Two sources confirmed that the team's top choice to fill its only remaining vacancy, at first base coach, had been Perry Hill, the highly respected former first base coach and infield instructor of the Florida Marlins. The Pirates and Hill had agreed verbally on contract terms late last week.

But Hill backed out at the last minute, citing personal reasons, and general manager Neal Huntington was left to pursue other options.

Hill, 55, spent 14 years as a coach in Major League Baseball until March, when he suddenly retired from the Marlins to be with his ailing wife, Olivia.

Hill has instructed Gold Glove winners at every infield position, including Derrek Lee, Luis Castillo, Orlando Cabrera and Mike Lowell. Castillo gave his second Gold Glove trophy, in 2004, to Hill as a gesture of appreciation.

For Long, 45, his hiring followed 21 years of coaching in the minors. He had been the Philadelphia Phillies' hitting coordinator since 1999, this after 12 seasons in the Los Angeles Angels' system as a manager and coach.

He interviewed earlier this decade for openings with the Seattle Mariners and Baltimore Orioles.

"I've been close on a couple occasions and felt I was ready then," Long said. "But my attitude was to just go back to work, and it's amazing how much I've learned since then. I'm almost kind of thankful this chance didn't come until now."

The chance came largely because of a strong recommendation from Russell, who managed Philadelphia's Class AAA affiliate the past two seasons.
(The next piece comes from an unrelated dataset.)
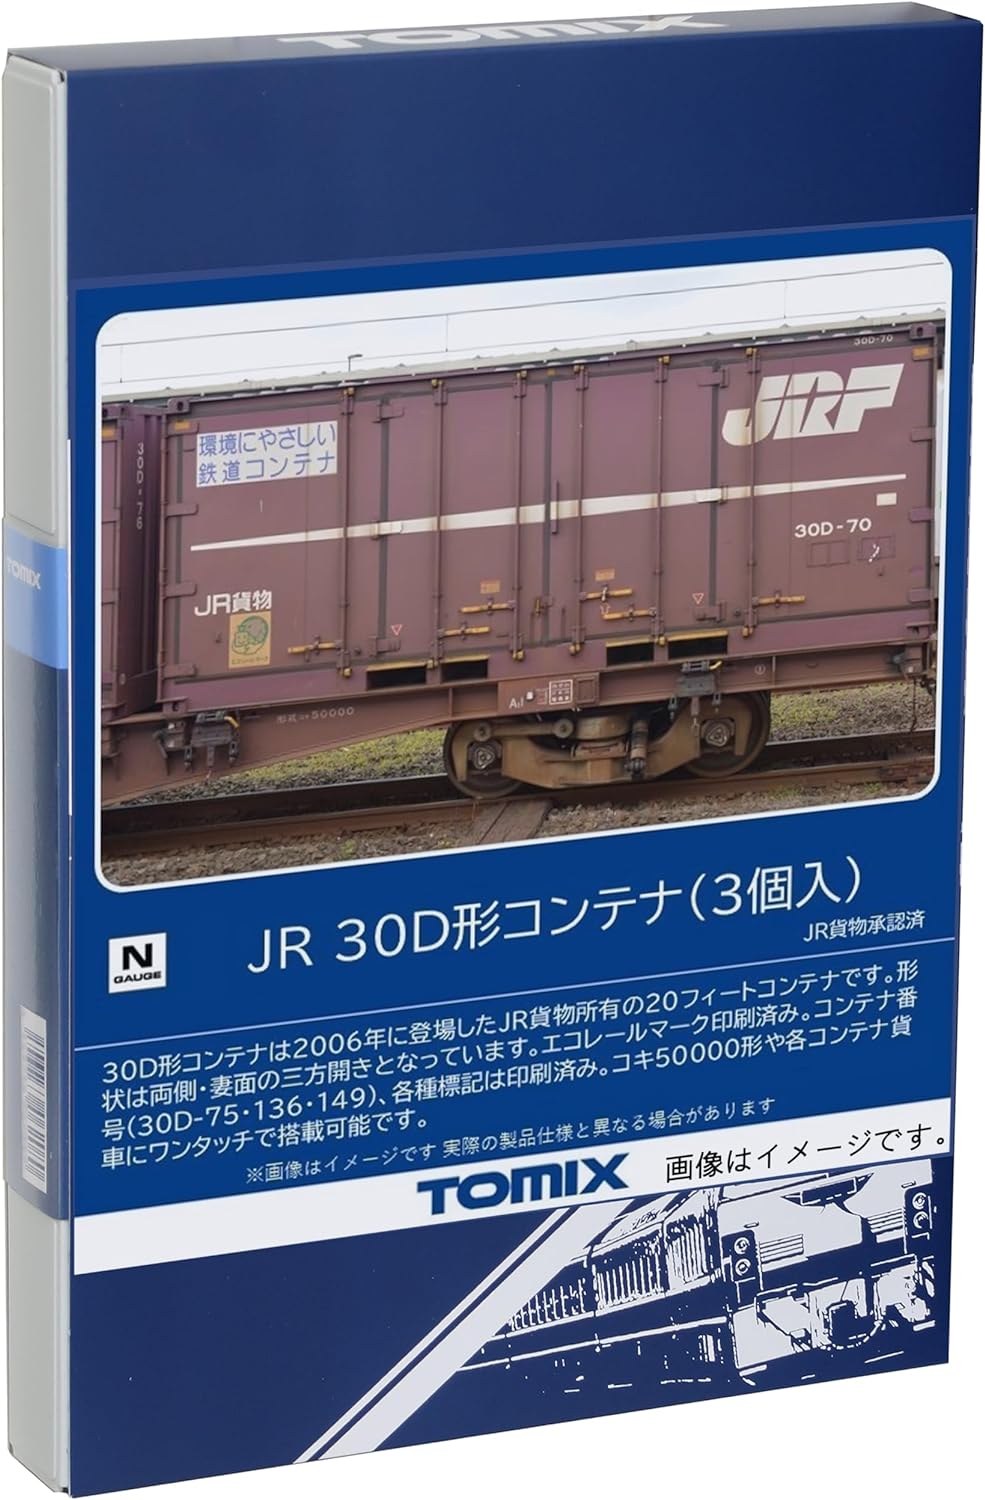 [PO MARCH 2024] TOMIX 3305 N Gauge JR 30D Shaped Container, 3 Pieces - BanzaiHobby

Russell and Long had adjacent locker stalls in the Phillies' spring training camp and got to know each other well.

"We would talk a lot about how we would do things, maybe at the big-league level and sometimes just baseball in general," Long said. "We had a good rapport."
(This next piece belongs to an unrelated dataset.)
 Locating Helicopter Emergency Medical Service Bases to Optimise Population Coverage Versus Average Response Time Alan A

Huntington called Long "a great communicator and a tireless worker who has had successful results wherever he has been."

The Pirates batted .263 as a team last season, 10th in the 16-team National League, as several players dipped below their career averages under former hitting coach Jeff Manto. They also drew only 463 walks, fewest in the league, continuing their recent history of poor patience at the plate.

Long's view of walks is that they come naturally.

"The type of hitter we're going to try to create is aggressive but under control," he said. "When he steps up to home plate, he's ready to hit every pitch until his eyes tell him no. He has to see the ball and recognize where it's going before he actually goes after it."

He also stressed the idea of letting each player be himself, something the Pirates' previous staff did not do in cases such as Chris Duffy, who had his swing altered by Manto and former manager Jim Tracy with disastrous results.

"The thing I'm interested in is connecting with each player and not just go with a blanket approach," Long said.

A shortstop in his playing days, Long batted .251 in three minor-league seasons -- 1983-85 -- in the San Francisco Giants' system.